Well, he’ll be the first to say that he wasn’t a born cinematic genius. After spending a few years working on an offshore rig, he bought some camera equipment, moved to Austin, and tried to figure out how to be a filmmaker. As I mentioned in the article, his first real film, which was twelve minutes long, was titled Frisbee Golf: the Movie. It followed Linklater’s roommate as he played Frisbee golf near the University of Texas campus. Linklater and his roommate used the film as a way to pick up girls, inviting them back to their rent house to watch it and perhaps engage in some post-movie activities. “That was still a time in Austin before everyone you knew had a camera and was out making movies,” he said. “You called yourself a director, and girls thought that was a big deal.”

But Rick had been deeply influenced by watching foreign films, including films where characters sort of ambled in and out of the screen haphazardly.

That’s what led him to come up with this idea of shooting Slackers, about a day in the life of a group of eccentric young Austin bohemians. Critics and audiences raved over the movie, and he was on his way. But even Rick is a little befuddled by his success. “I can’t really explain what happened,” he told me with a shrug one afternoon while we feasted on some tofu-ish dish at an Austin restaurant called Mr. Natural. (Linklater has been a strict vegetarian since reading about animal rights issues in the early eighties.) “I guess I always kept my mind open about what a movie could be. And I wanted to do movies that were different.” He shrugged again. “Maybe what I do is instinctual. I just don’t know.”

What was it like to write a screenplay with him?
It was so insane that I was working with an art-house auteur that I wanted to laugh out loud. “I guess you should know that I’m more inclined to watch action movies where things get blown up,” I told him early on, thinking it would probably be best if he fired me sooner than later.

“No worries,” he replied in his usual cheerful voice.

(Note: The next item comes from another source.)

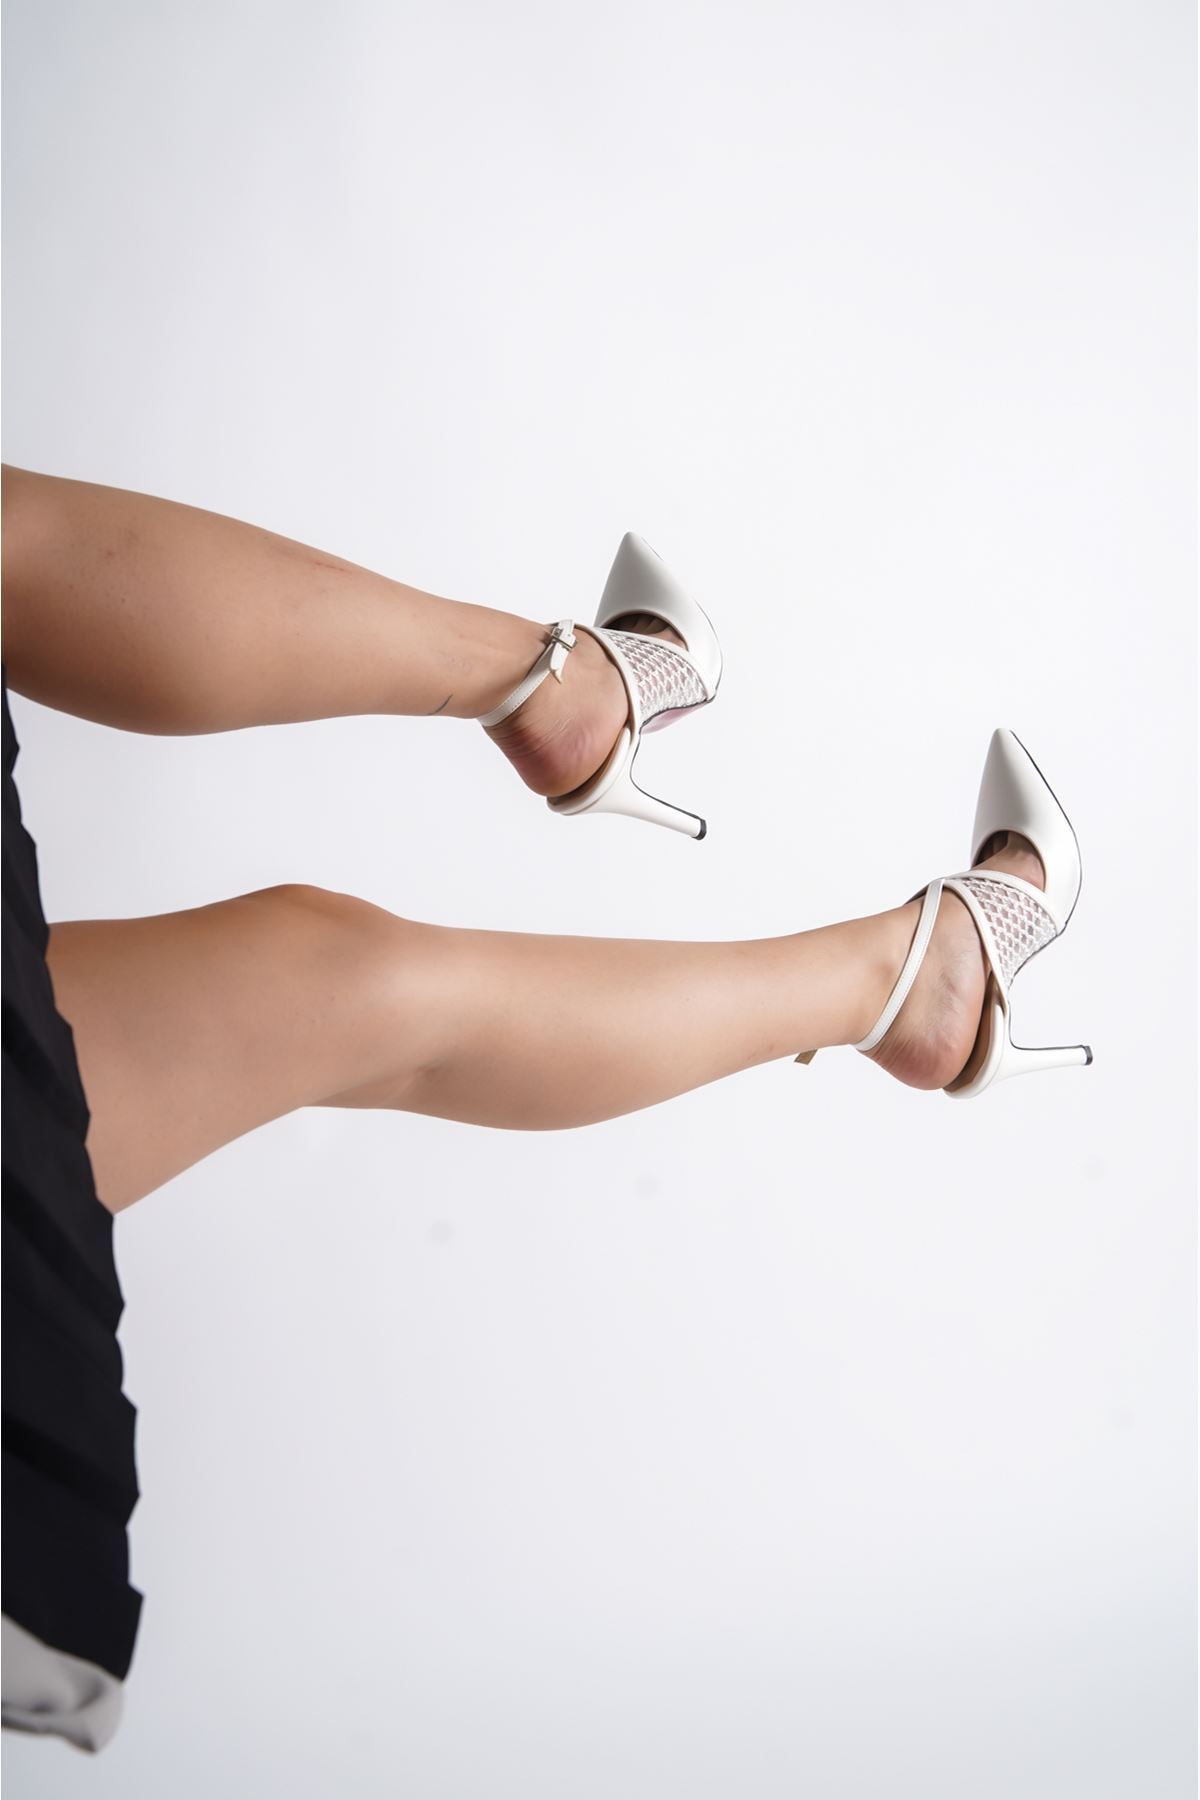 Beyaz Cilt Beyaz File Detaylı  Özel Tasarım Kadın İnce Topuklu Ayakkabı Stiletto Harlow

And soon, I got really into it. During our meetings, I started talking like Bernie and even doing a Bernie-like swishy walk as we discussed ideas. Rick no doubt began to wonder if I was going through some perplexing transformation. I also wrote a lot of slapstick scenes—bodies falling out caskets, caskets falling out of hearses—that made Rick just shake his head in bewilderment. He kept telling me, over and over, that we didn’t need to add much to what really happened—the real story itself was interesting enough. But I kept getting carried away with more and more scenes that were just absurd, like a scene in which a funeral procession gets lost and drives through a poor black neighborhood. I think Rick and I both agreed it was good for my mental health that we finally finished the script.

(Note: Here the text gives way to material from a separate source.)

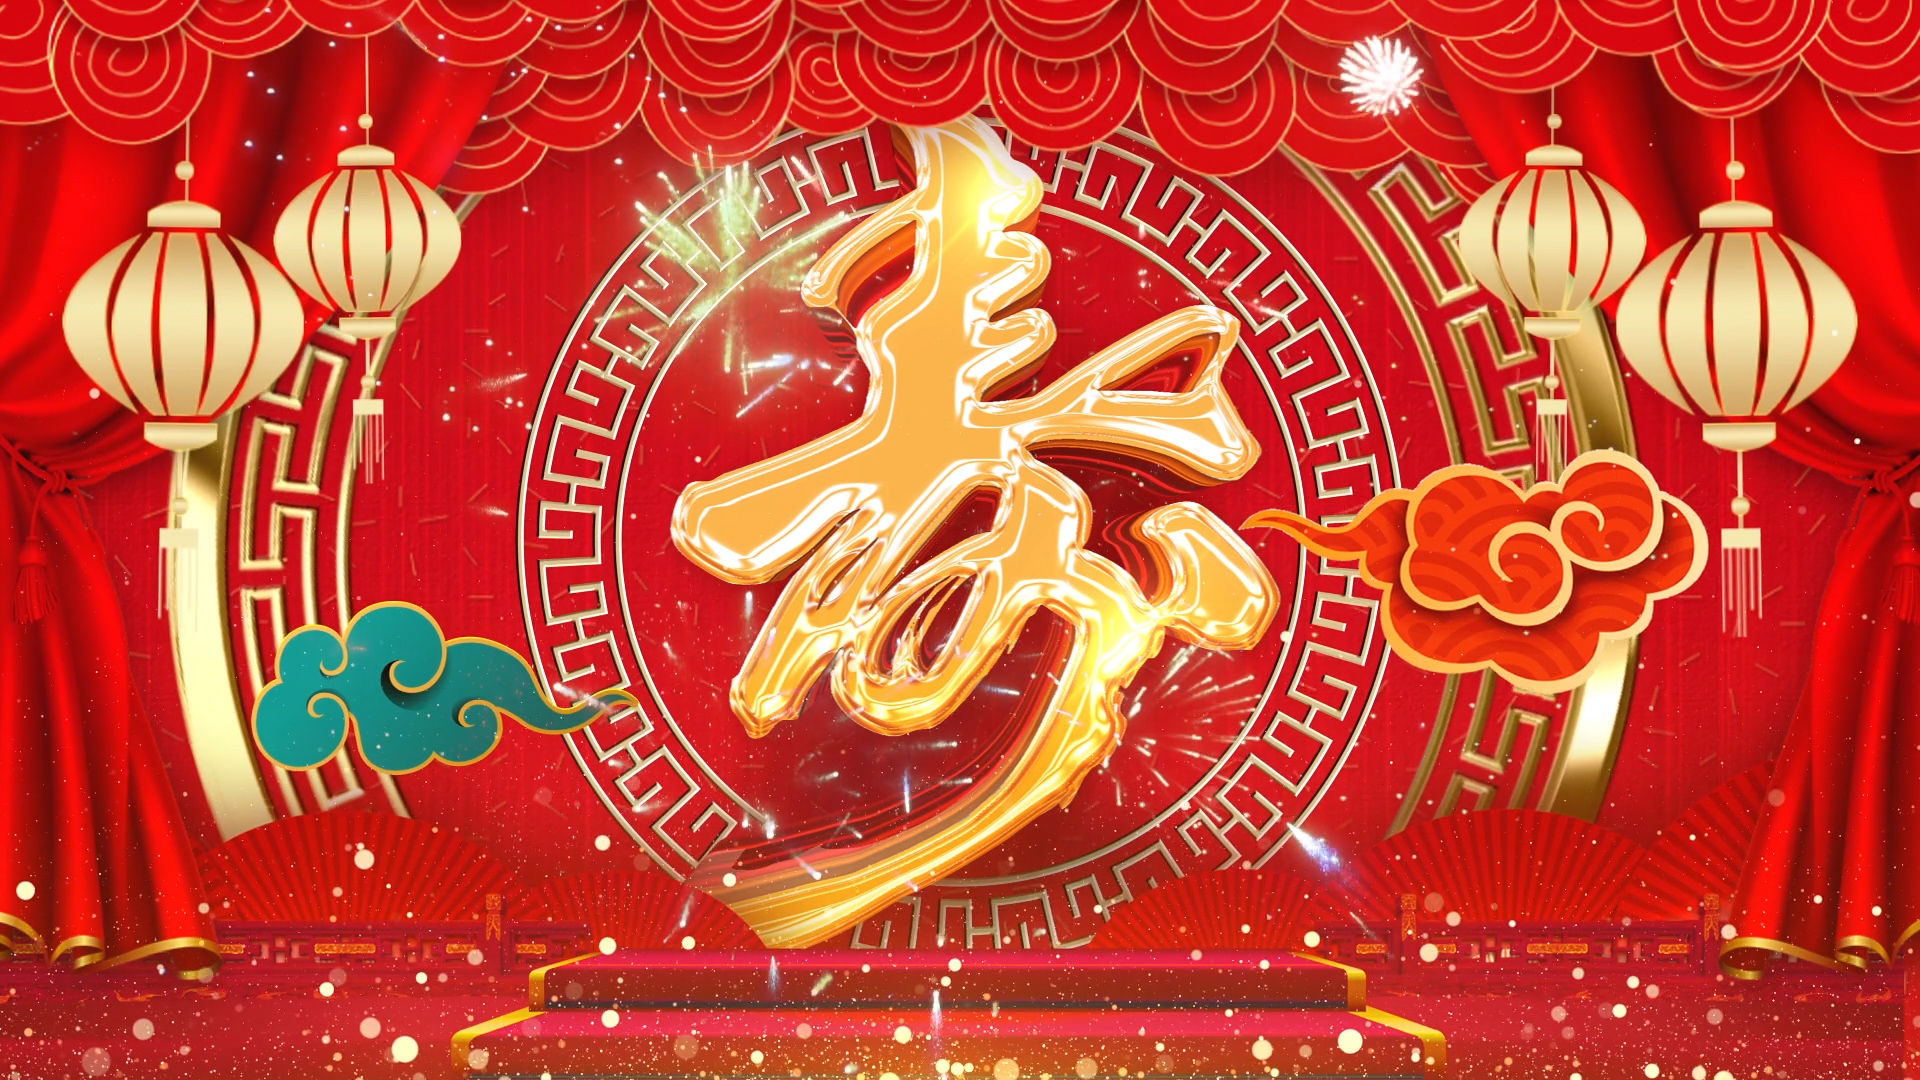 中国风红色喜庆祝寿戏曲led背景视频

And then there was this long period of waiting before the movie was made.
The standard Hollywood story: wait and wait. The script sat on a shelf for more than a decade. I assumed the movie would never get made, in part because the movie business changed. Independent films were not as popular as they used to be. It was much harder to get funding. In fact, when Rick finally got the green light do Bernie, his budget was only $5 million—a pittance in moviemaking. Everyone, including the Hollywood stars—Jack Black, Matthew McConaughey, and Shirley MacLaine, acted in the movie for the minimum fees allowed by their unions.

You know what’s interesting about this whole funding business is that Rick could long ago have gone the studio route, doing big-budget pictures. But he has an unquenchable love for making intelligent, independent films. They are never commercial successes—a few of them barely get to the theaters—but he doesn’t seem to care. “I felt if I don’t do these movies, no one else will,” he once told the Los Angeles Times.